Data came from the UCI Machine Learning Repository. The data contains records of absenteeism at work for a courier company in Brazil.

Citation: Martiniano, A., Ferreira, R. P., Sassi, R. J., & Affonso, C. (2012). Application of a neuro fuzzy network in prediction of absenteeism at work.
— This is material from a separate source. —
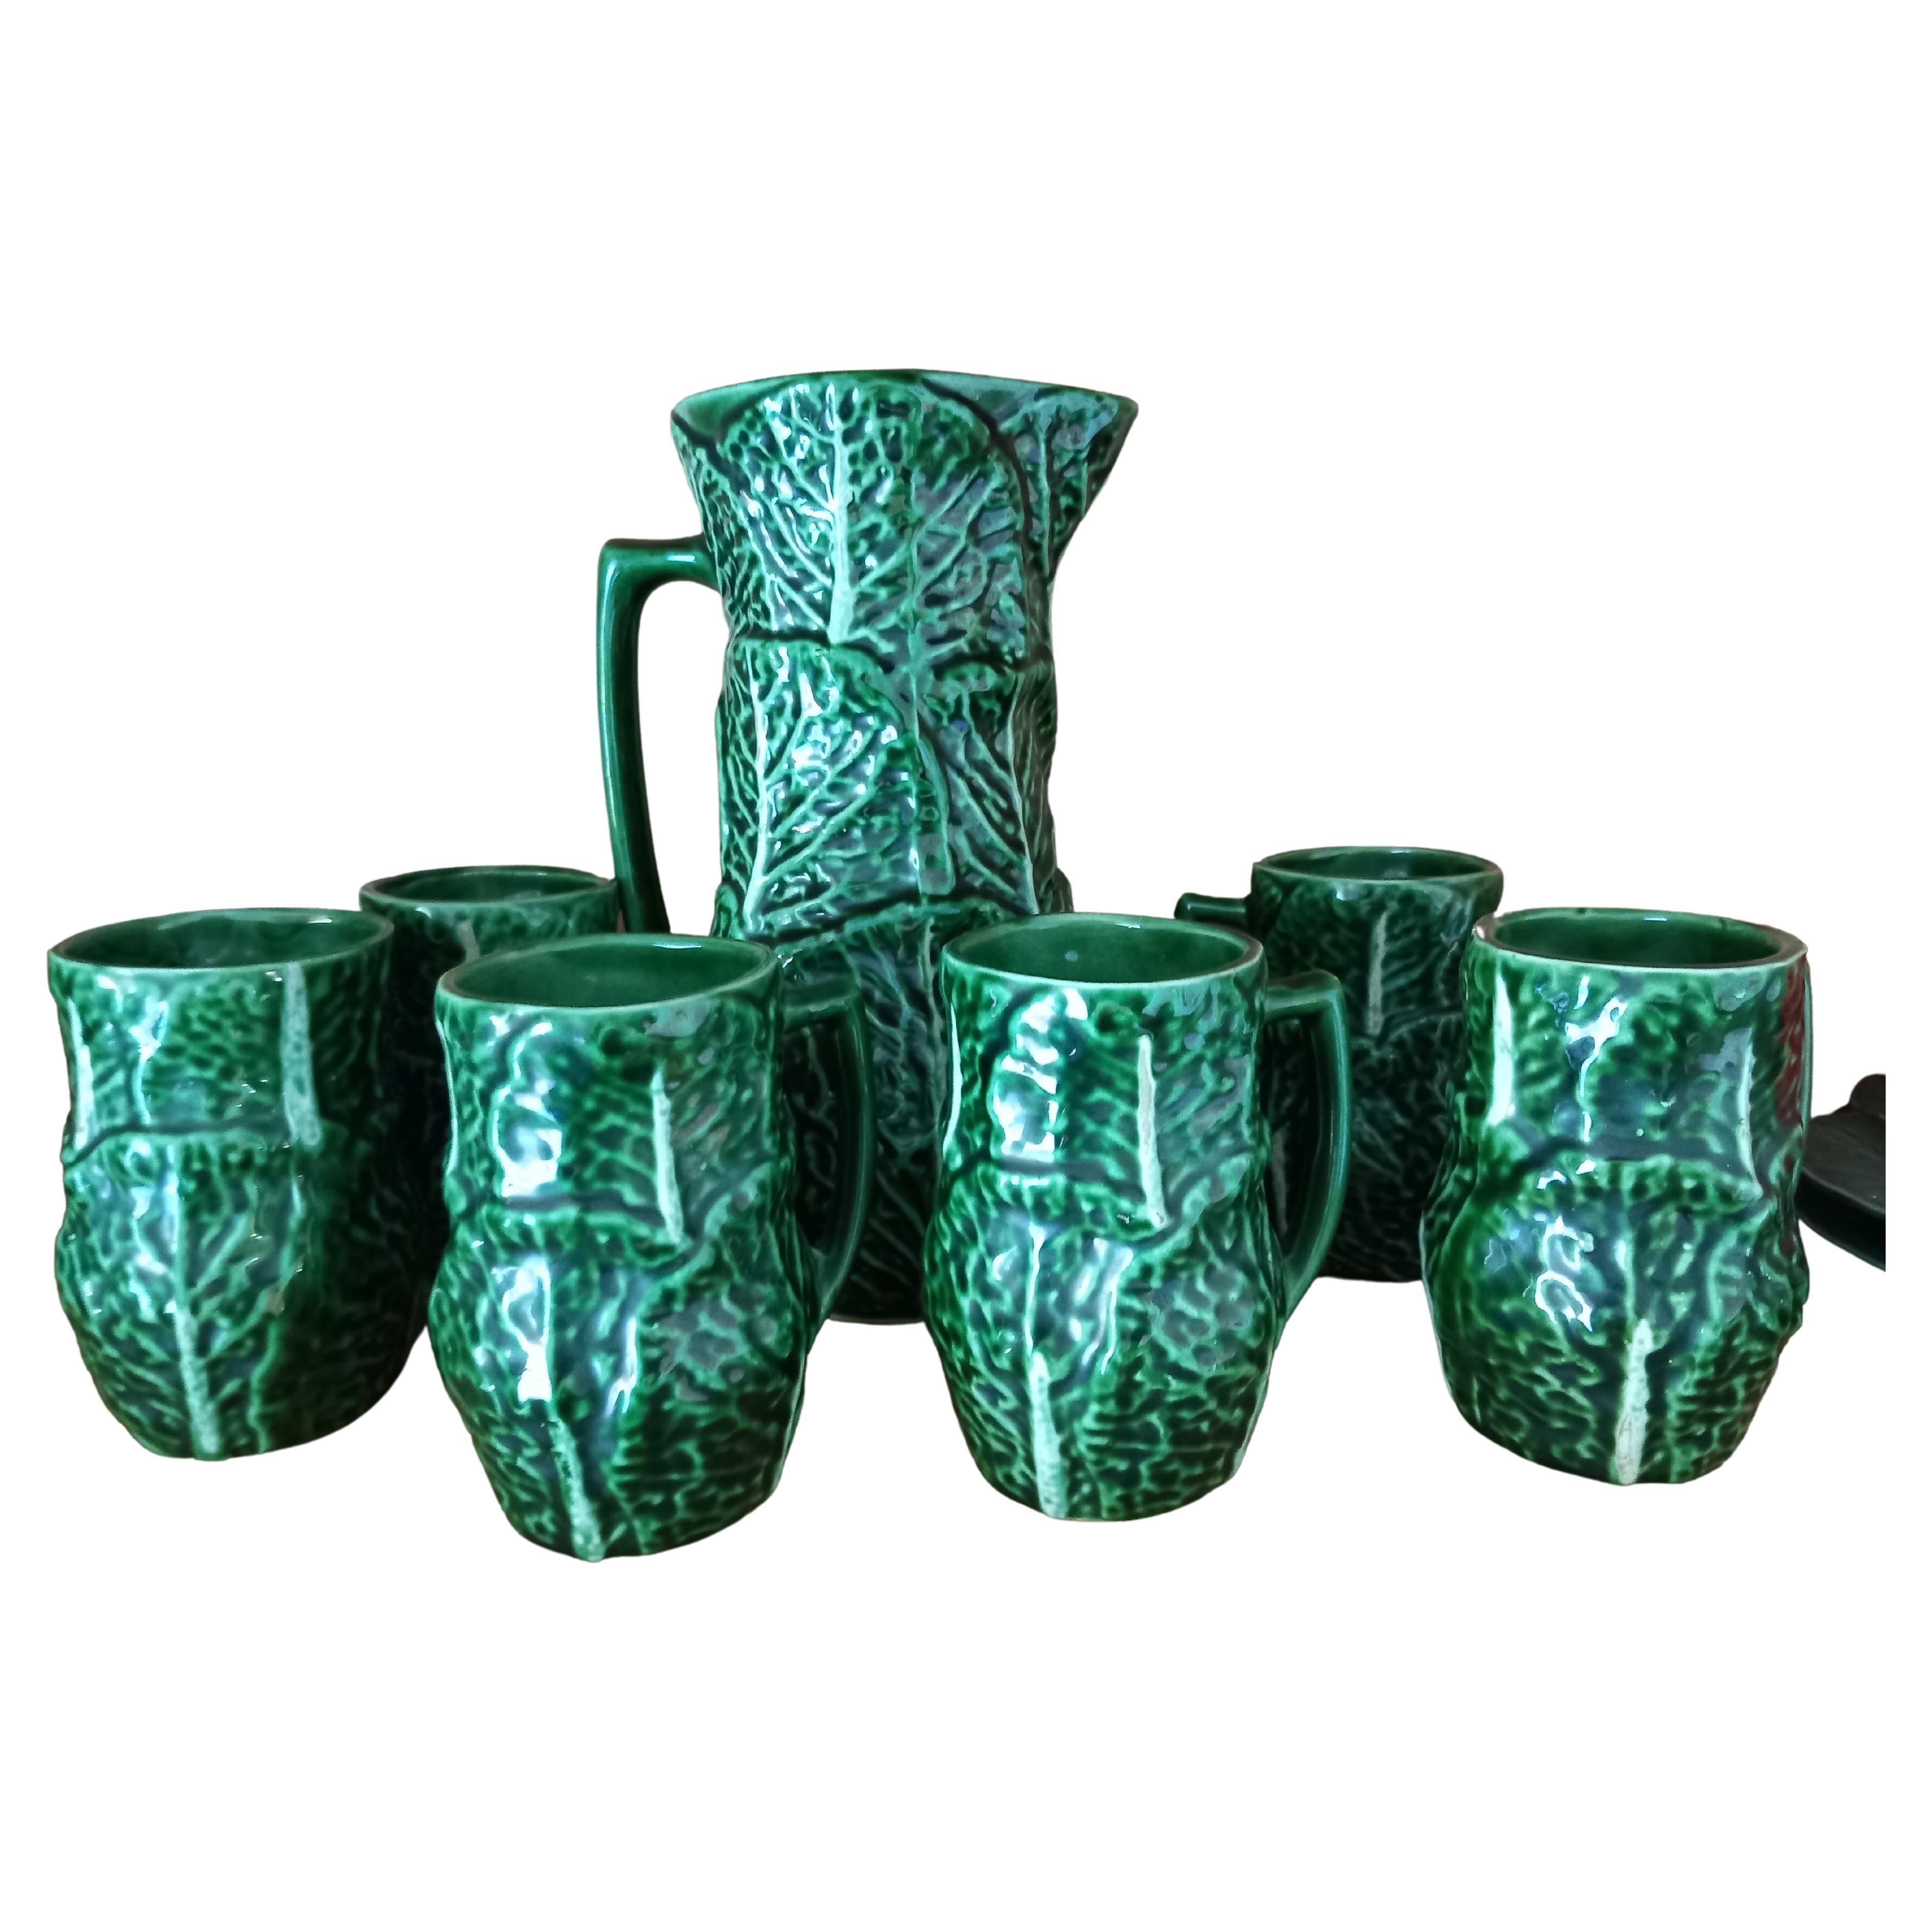 Set Majolica Ceramic Jug and 6 Mug Cups Shape of Cabbage(Price is for the set) For Sale

In Information Systems and Technologies (CISTI), 7th Iberian Conference on (pp. 1-4). IEEE.

In [1]:


# Load libraries

# set.seed for reproducible results

Load and explore data structure

In [2]:
#import data
url <-""

temp <- tempfile()
temp2 <- tempfile()

download.file(url, temp)
unzip(zipfile = temp, exdir = temp2)
df <- read_csv2(file.path(temp2, "Absenteeism_at_work.csv"))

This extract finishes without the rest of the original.